- _Saved entries_
* * * * * * * * *
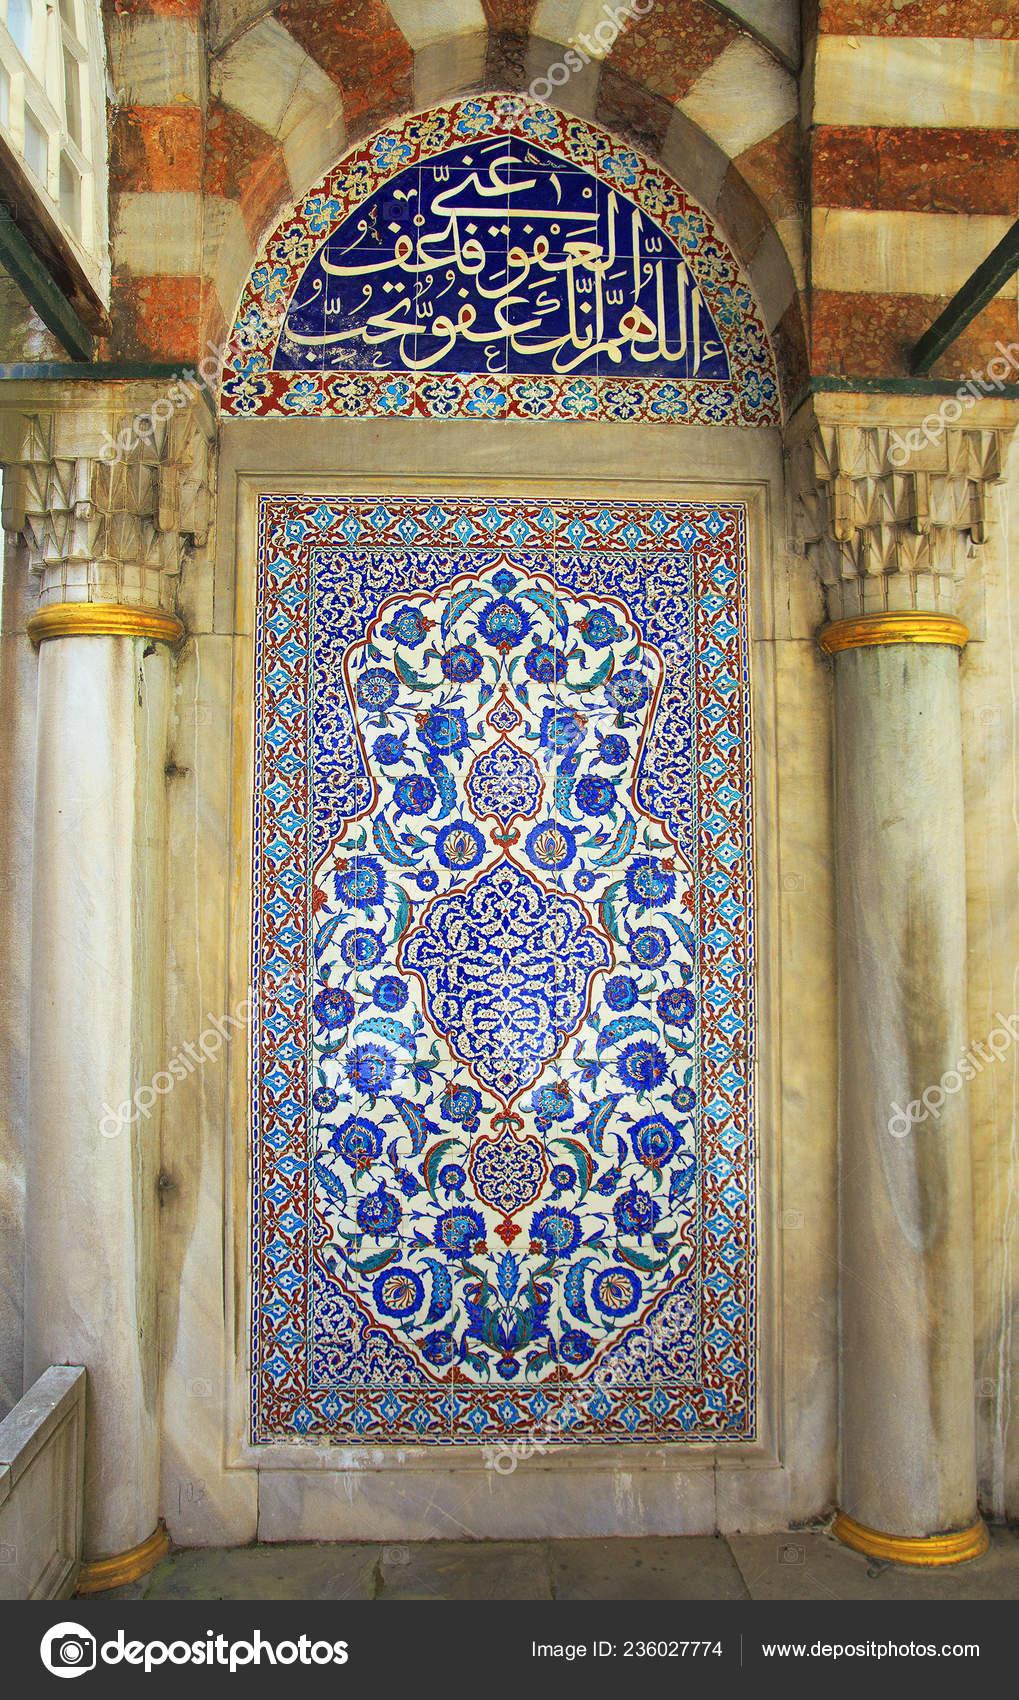 Traditional Turkish Ceramics Artistic Wall Tile Ornament Ancient Handmade Turkish Stock Photo C Ukrolenochka 236027774
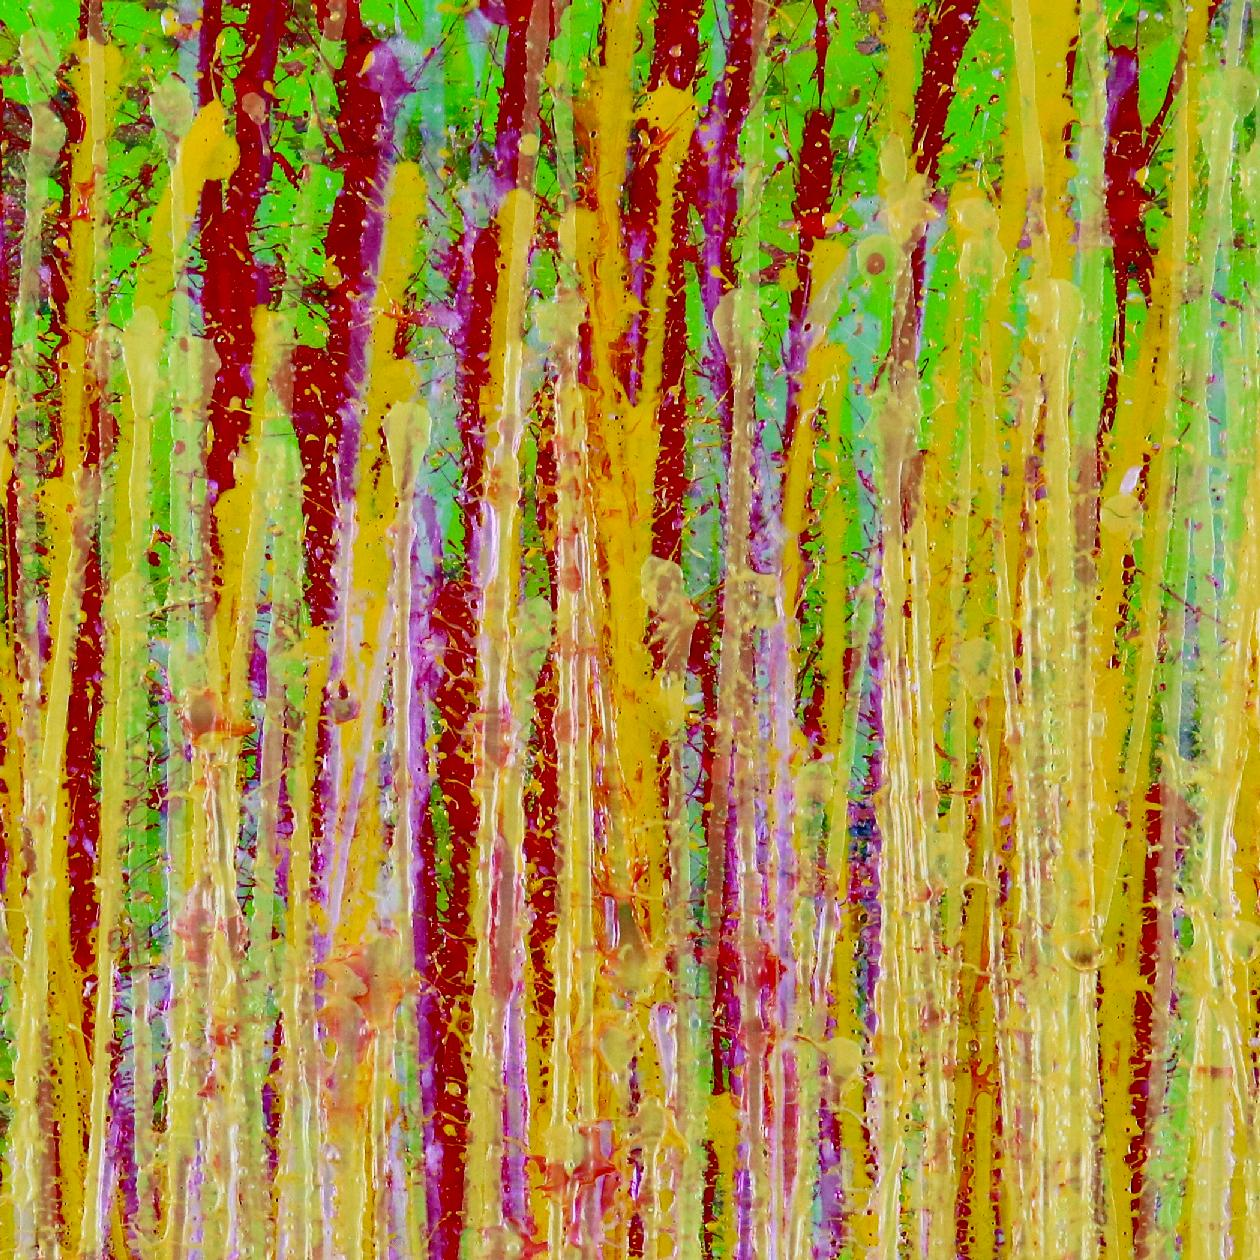 Detail - Awakening Garden 7 (2020) by Nestor Toro
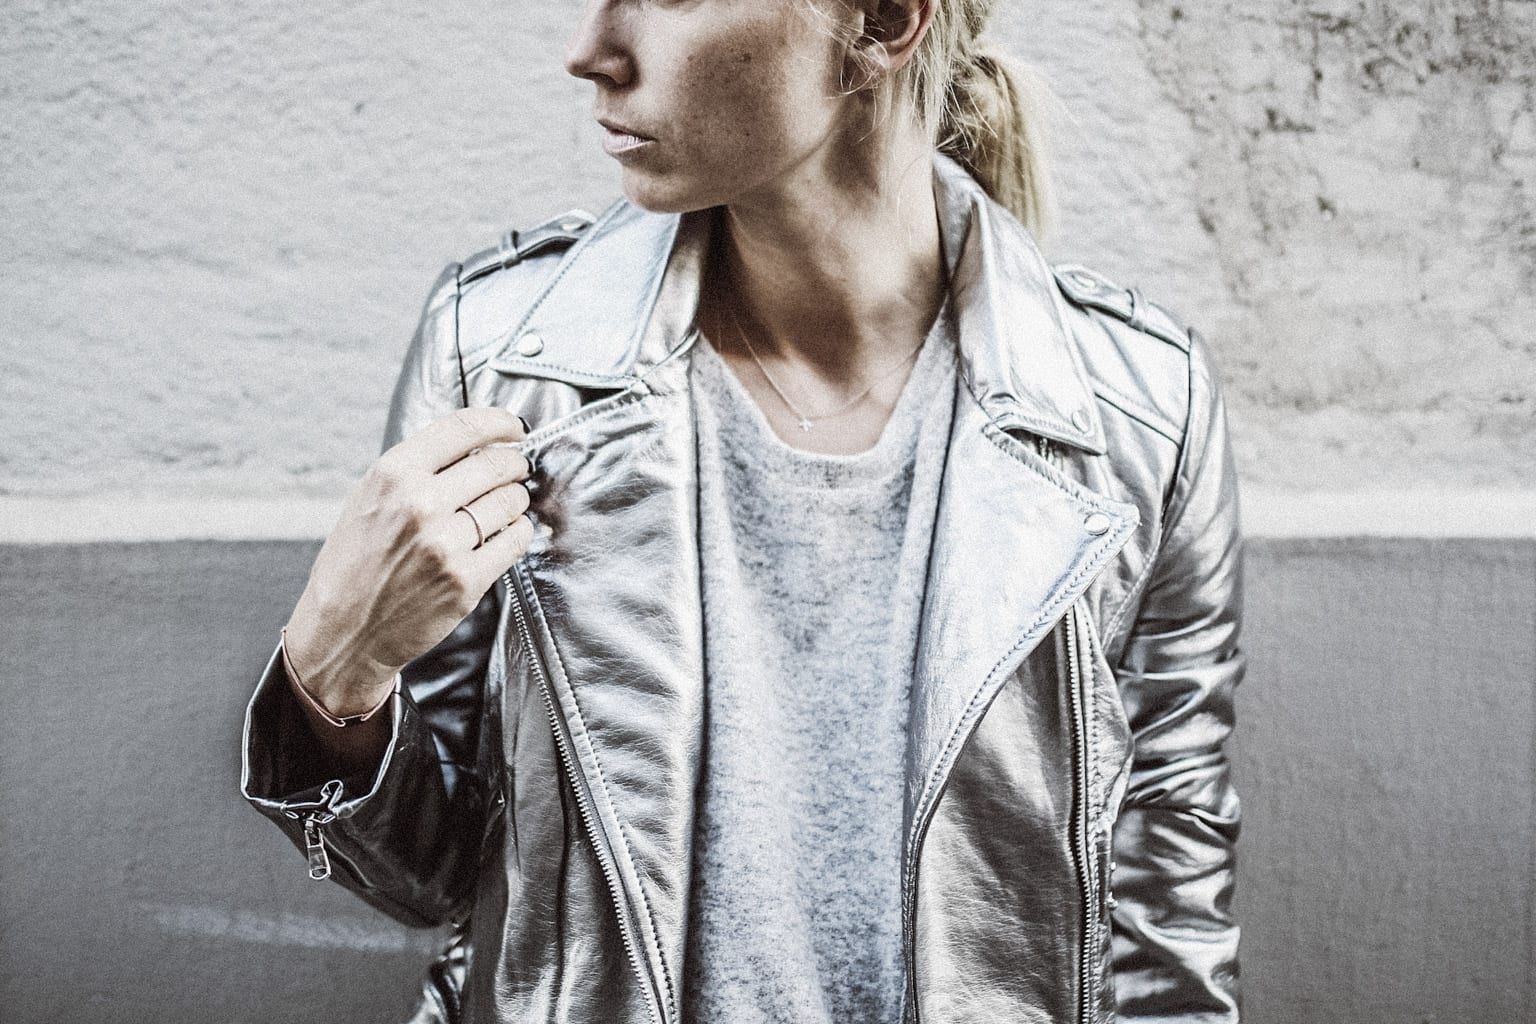 ck-constantlyk-com-karin-kaswurm-street-style-fashion-silver-leather-jacket-plissee-6958
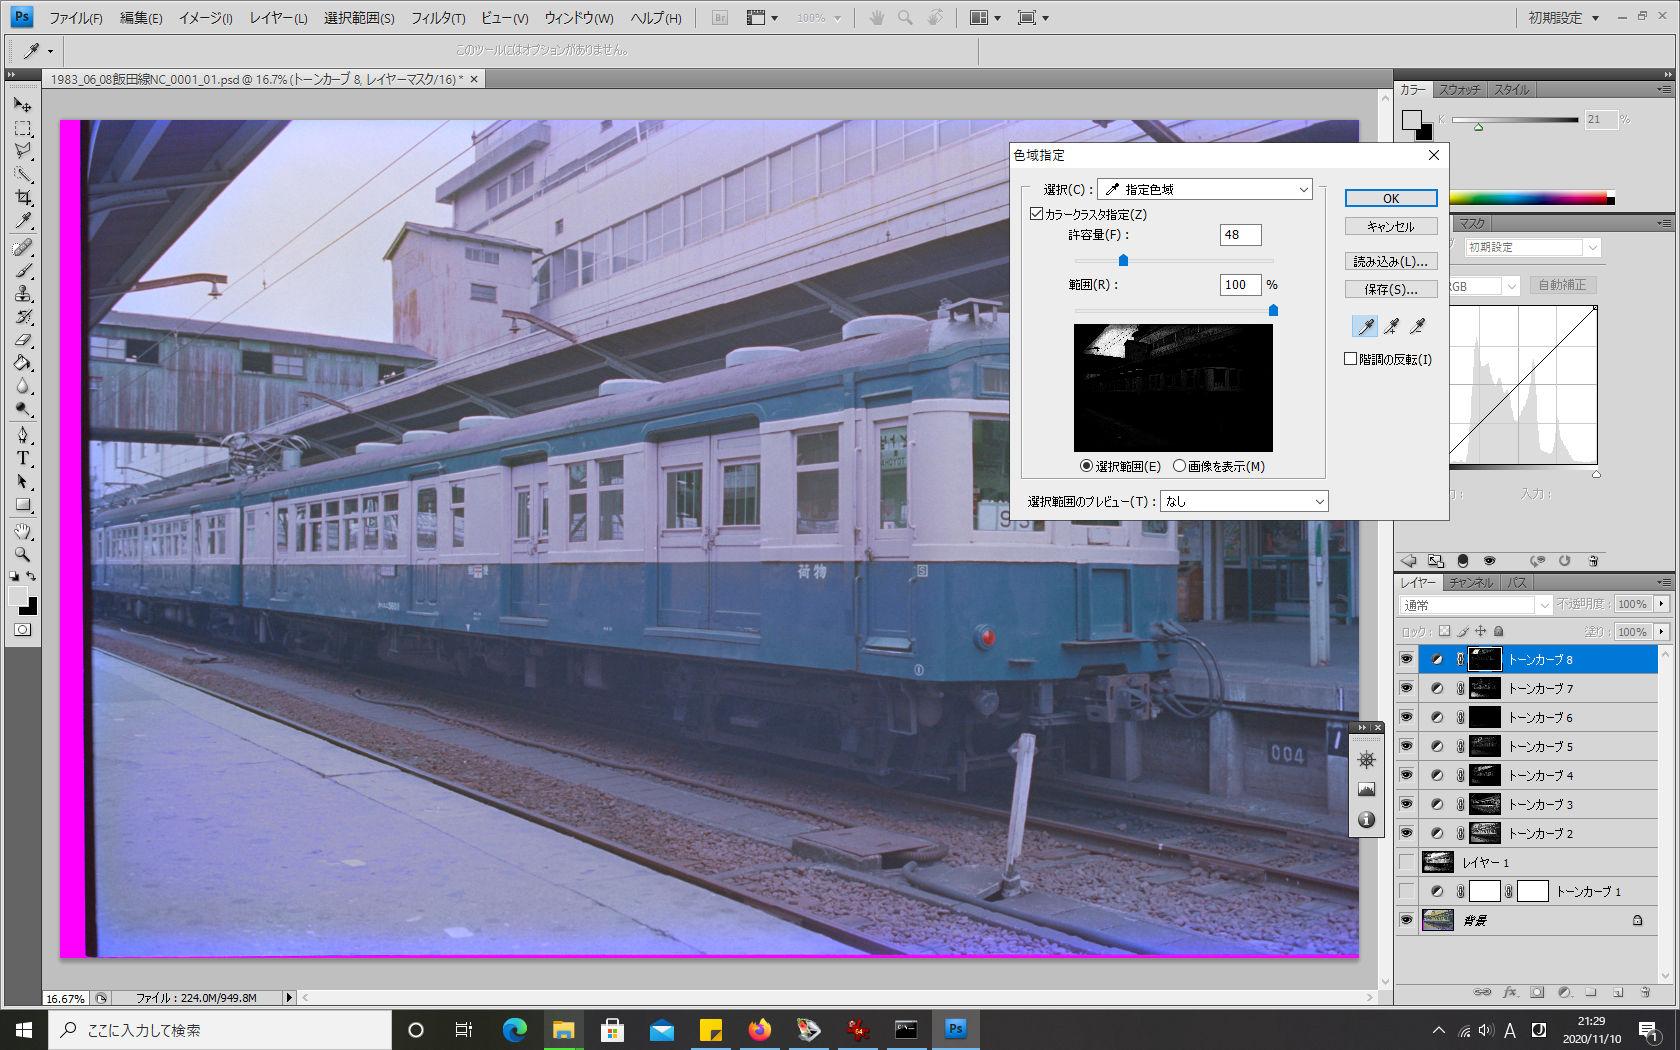 f:id:yasuo_ssi:20201110215449j:plain
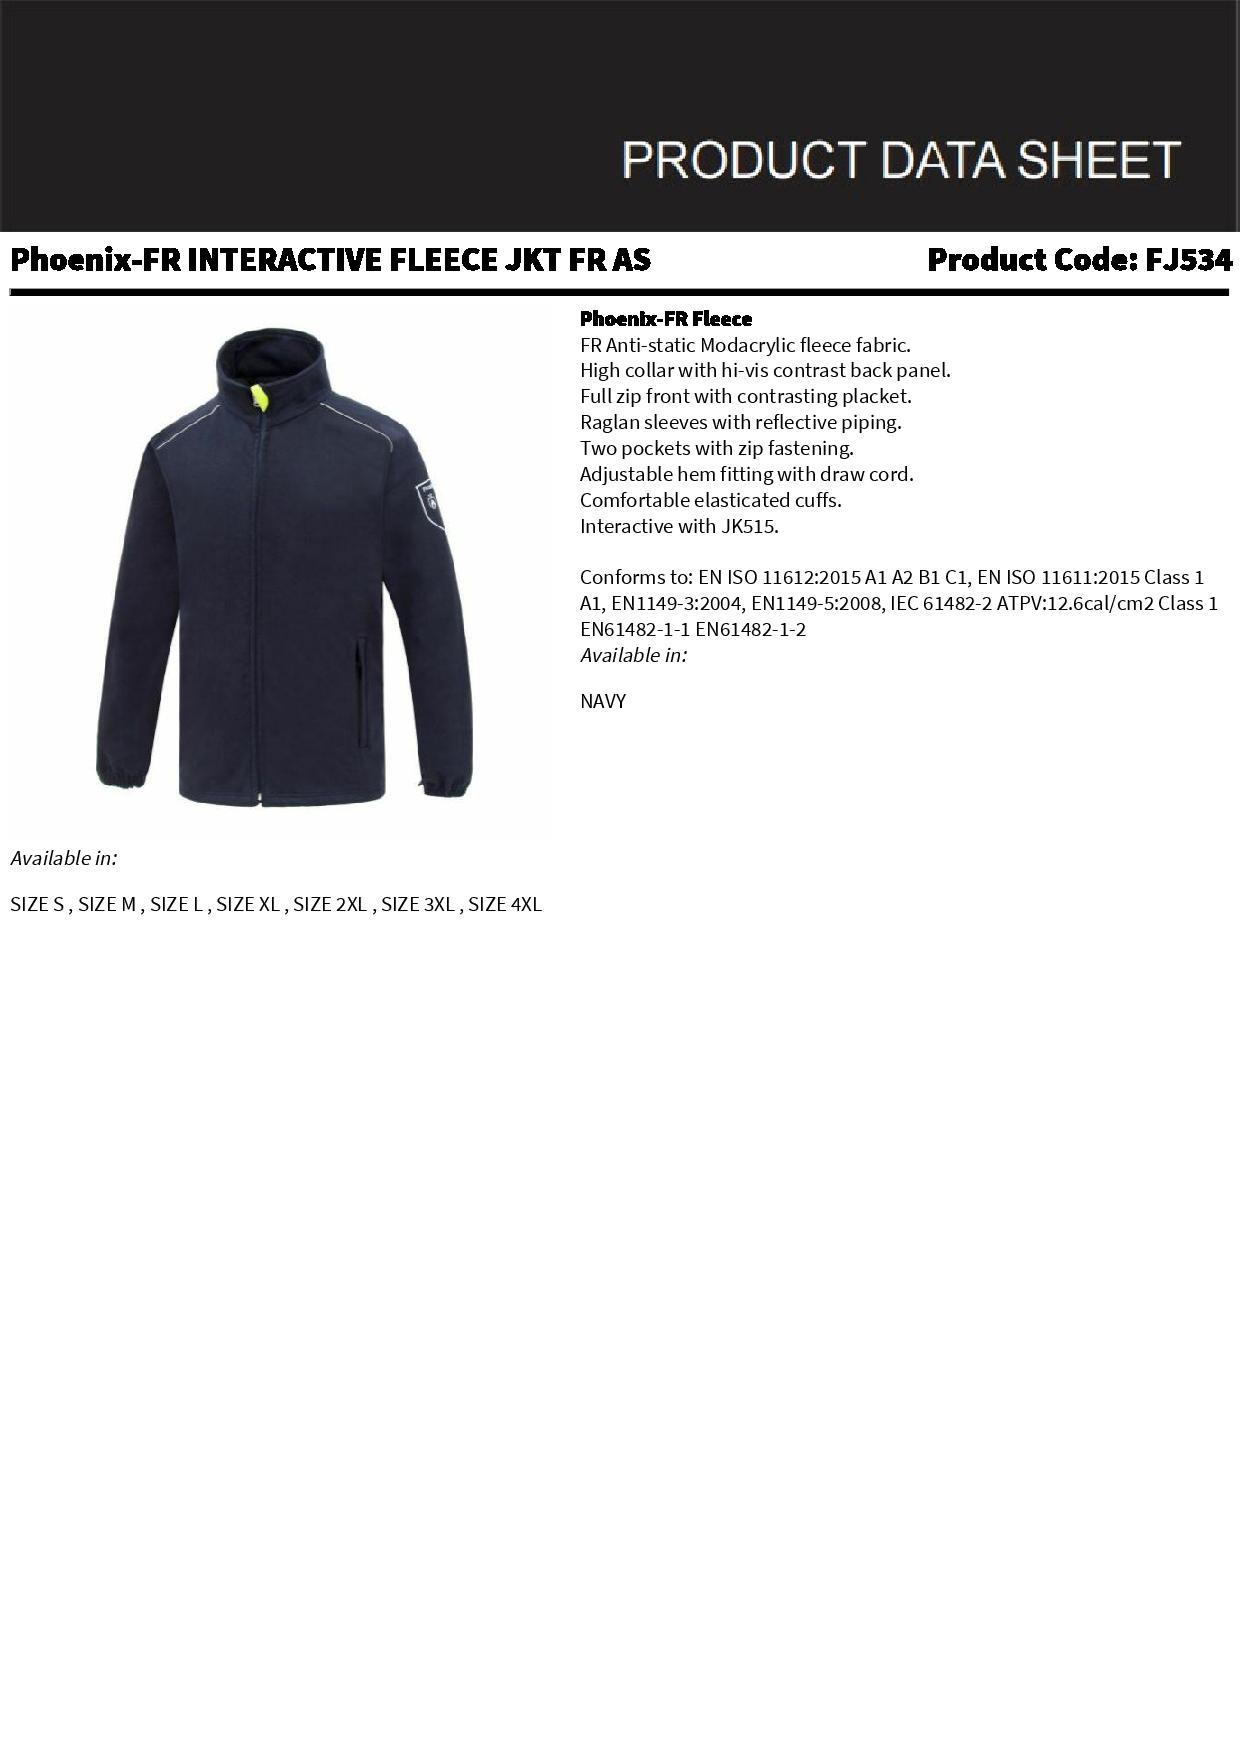 92efa0ec277 Phoenix - Flame Retardant Anti-Static Protection Fleece Jacket ...
* * * * * * * * *
- _Exercise objective_
Apart from the pictures, return every entry above exactly as given.

- _Your response_
 Traditional Turkish Ceramics Artistic Wall Tile Ornament Ancient Handmade Turkish Stock Photo C Ukrolenochka 236027774
 Detail - Awakening Garden 7 (2020) by Nestor Toro
 ck-constantlyk-com-karin-kaswurm-street-style-fashion-silver-leather-jacket-plissee-6958
 f:id:yasuo_ssi:20201110215449j:plain
 92efa0ec277 Phoenix - Flame Retardant Anti-Static Protection Fleece Jacket ...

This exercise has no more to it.